The efficacy of rituximab in MS has been demonstrated in several clinical trials. HERMES, a phase II randomized double-blind placebo-controlled study published in 2008, showed that a single course of intravenous rituximab reduced inflammatory brain lesions on MRI and clinical relapses for 48 weeks in patients with RRMS [29]. The efficacy of rituximab in primary progressive multiple sclerosis (PPMS) was also evaluated in a 96-week phase-II/III randomized placebo-controlled trial. However, between rituximab and a placebo, the proportion of patients developing confirmed disability progression, the primary endpoint of the study, did not reach significance [117]. Several other retrospective studies have shown that rituximab can reduce relapse rates and stabilize disability in both relapsing and progressive MS [118].

Ocrelizumab is a humanized monoclonal anti-CD20 antibody that binds with high affinity to the large extracellular loop of CD20 and induces B cell depletion via similar mechanisms to rituximab [119]. It was approved by the FDA for the treatment of active RRMS and PPMS in 2017. The standard regimen is 600 mg IV every 6 months.

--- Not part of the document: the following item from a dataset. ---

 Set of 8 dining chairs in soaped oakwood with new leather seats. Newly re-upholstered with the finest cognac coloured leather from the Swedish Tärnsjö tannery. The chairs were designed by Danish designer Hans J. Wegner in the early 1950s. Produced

Two phase III multicenter, randomized, double-blind, active-controlled trials (OPERA I and OPERA II) were performed to investigate the efficacy and safety of ocrelizumab, compared with subcutaneous interferon beta-1a, in patients with relapsing multiple sclerosis. Ocrelizumab reduced the annualized relapse rate by 46% and 47% compared interferon beta-1a. It also reduced 12-week confirmed disability progression by 40% and the number of enhancing lesions on MRI by more than 90% [30]. The clinical benefits of ocrelizumab treatment were also demonstrated in patients with PPMS in a phase III randomized, placebo-controlled trial (ORTARIO) which evaluated 732 PPMS patients for at least 120 weeks. Ocrelizumab was shown to reduce 12-week and 24-week confirmed disability progression [120]. It was also associated with less worsening on a timed 25-foot walk test, a decreased T2 lesion volume on MRI, and a lower rate of brain atrophy in patients with PPMS compared to a placebo [120]. Of note, ocrelizumab is the only FDA-approved disease-modifying therapy for PPMS.

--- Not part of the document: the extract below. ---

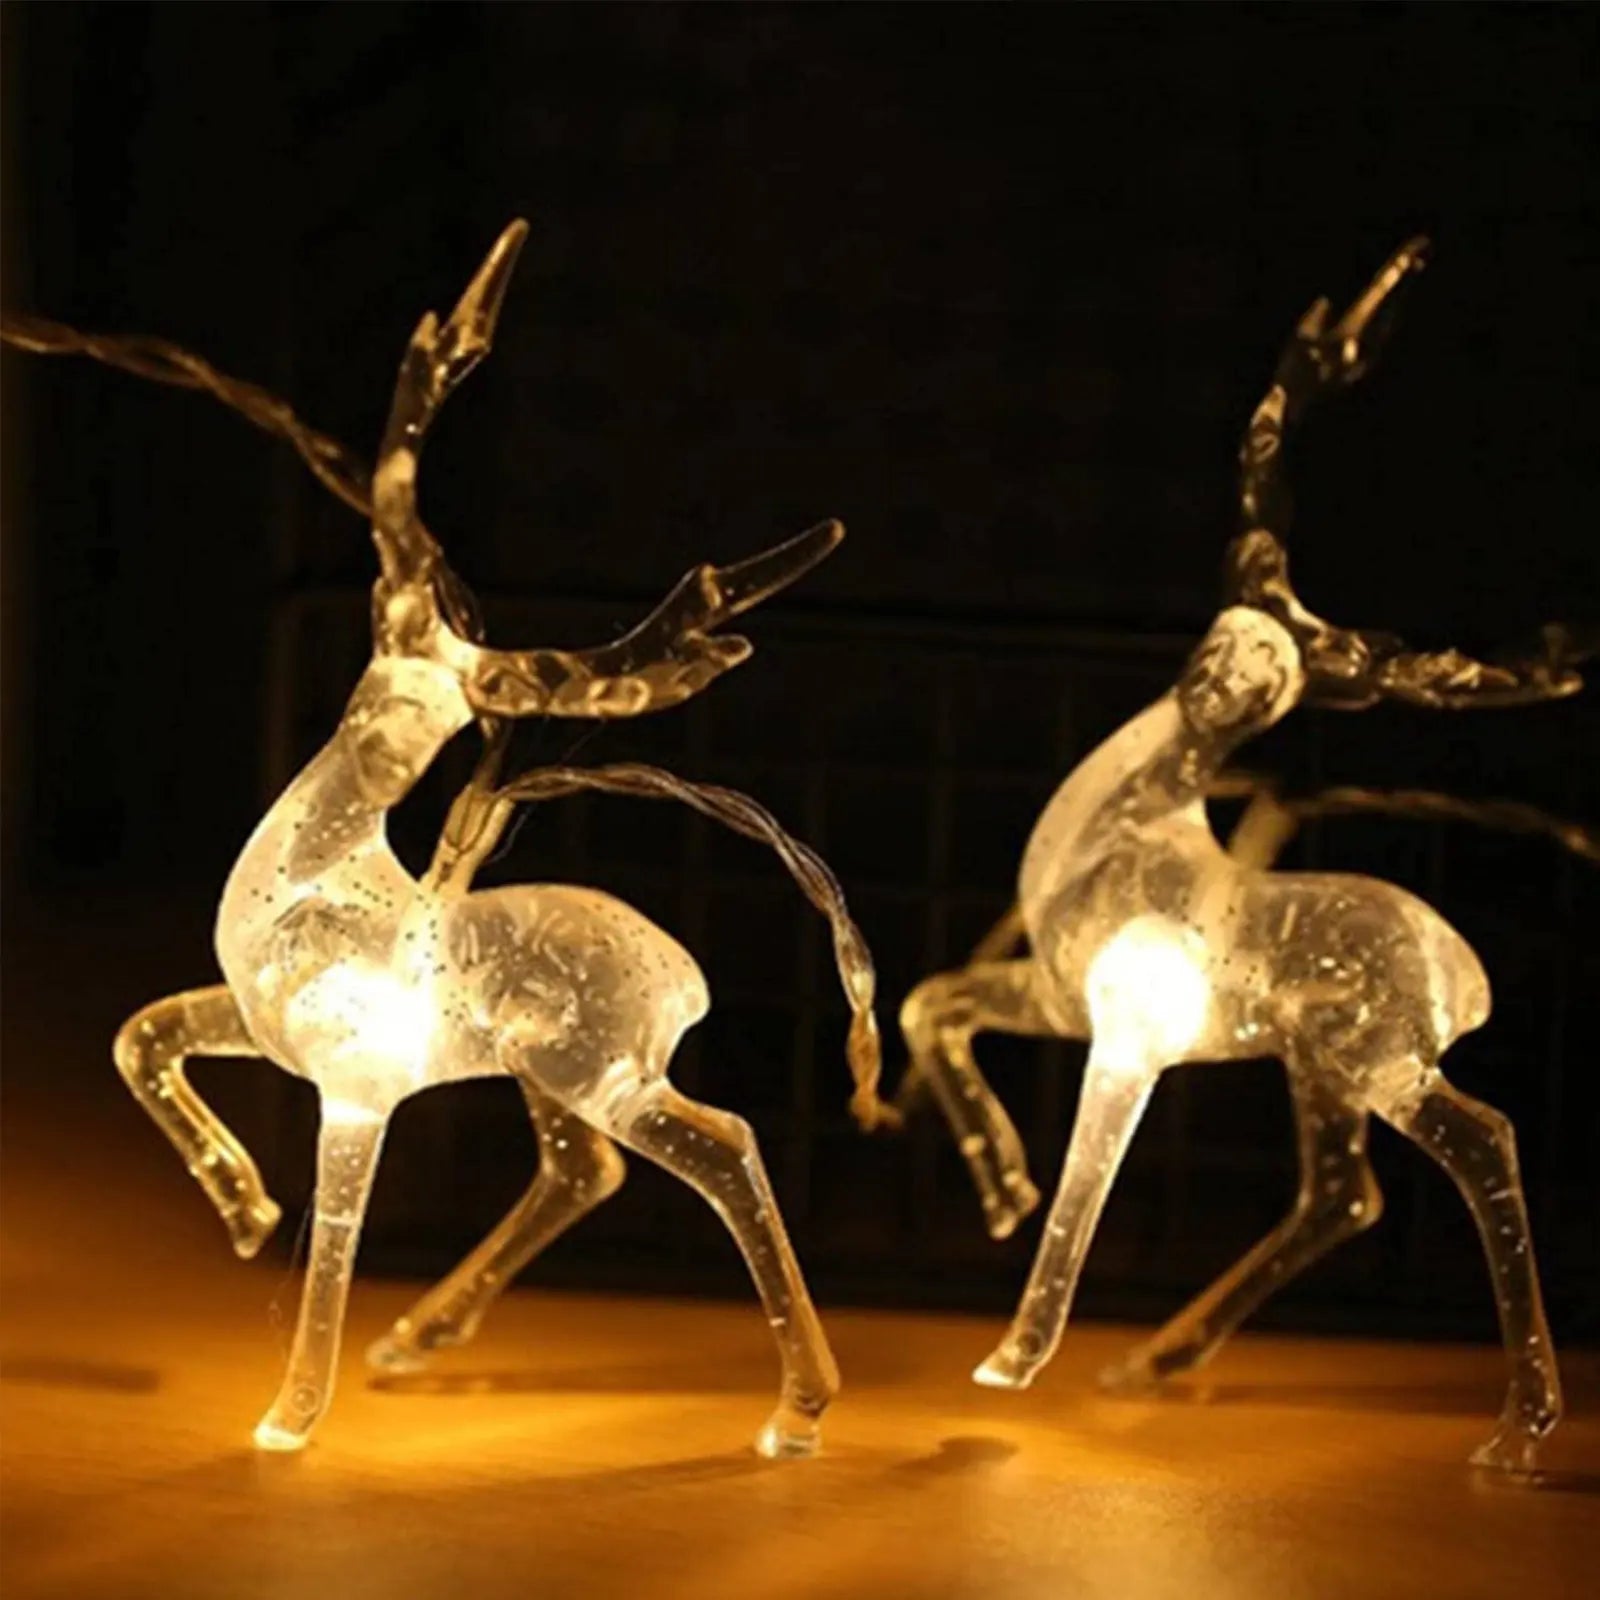 Deer Lighting Chain Battery Box Christmas elk Courtyard Decoration Small Colored Lights

Ofatumumab is a fully human monoclonal anti-CD20 antibody that binds to a small-loop epitope of CD20 close to the cell surface and induces B-cell depletion via both complement-dependent cytotoxicity and antibody-dependent cellular cytotoxicity [121]. It has been approved by the FDA for the treatment of RRMS and active SPMS since 2020. Ofatumumab is given monthly as a 20 mg subcutaneous injection.

In the MIRROR study, a phase II randomized, placebo-controlled trial, ofatumumab was shown to reduce the cumulative number of new enhancing lesions by 65% at week 12 compared with a placebo [121]. Two recent phase III randomized controlled trials (ASCLEPIOS I and II) in patients with RRMS compared the efficacy and safety of ofatumumab with 14 mg of oral teriflunomide daily. The ofatumumab groups showed 51% and 59% lower annualized relapse rates [73]. Ofatumumab was also associated with a lower percentage of disability worsening at 3 months and 6 months, lower disease activity on MRI and lower serum neurofilament light-chain levels [73].

Infusion/injection-related reactions are not uncommon in all anti-CD20 therapies. Common symptoms include fever, headache, rash, nausea, throat irritation, hypotension, and itchiness. These symptoms could be mitigated by premedication and slower infusion rates. Anti-CD20 therapies are also associated with hypogammaglobinemia, especially with prolonged treatment. In the randomized controlled trials of ocrelizumab and ofatumumab, lower immunoglobulin levels were not associated with serious infections [30,73]. Upper and lower respiratory infections and infections with herpes viruses have been associated with anti-CD20 treatments. PML has occurred rarely in people on anti-CD20 therapies. Screening for HIV, hepatitis B, hepatitis C, and tuberculosis and a quantitative serum immunoglobulin test are required before starting any anti-CD20 antibody.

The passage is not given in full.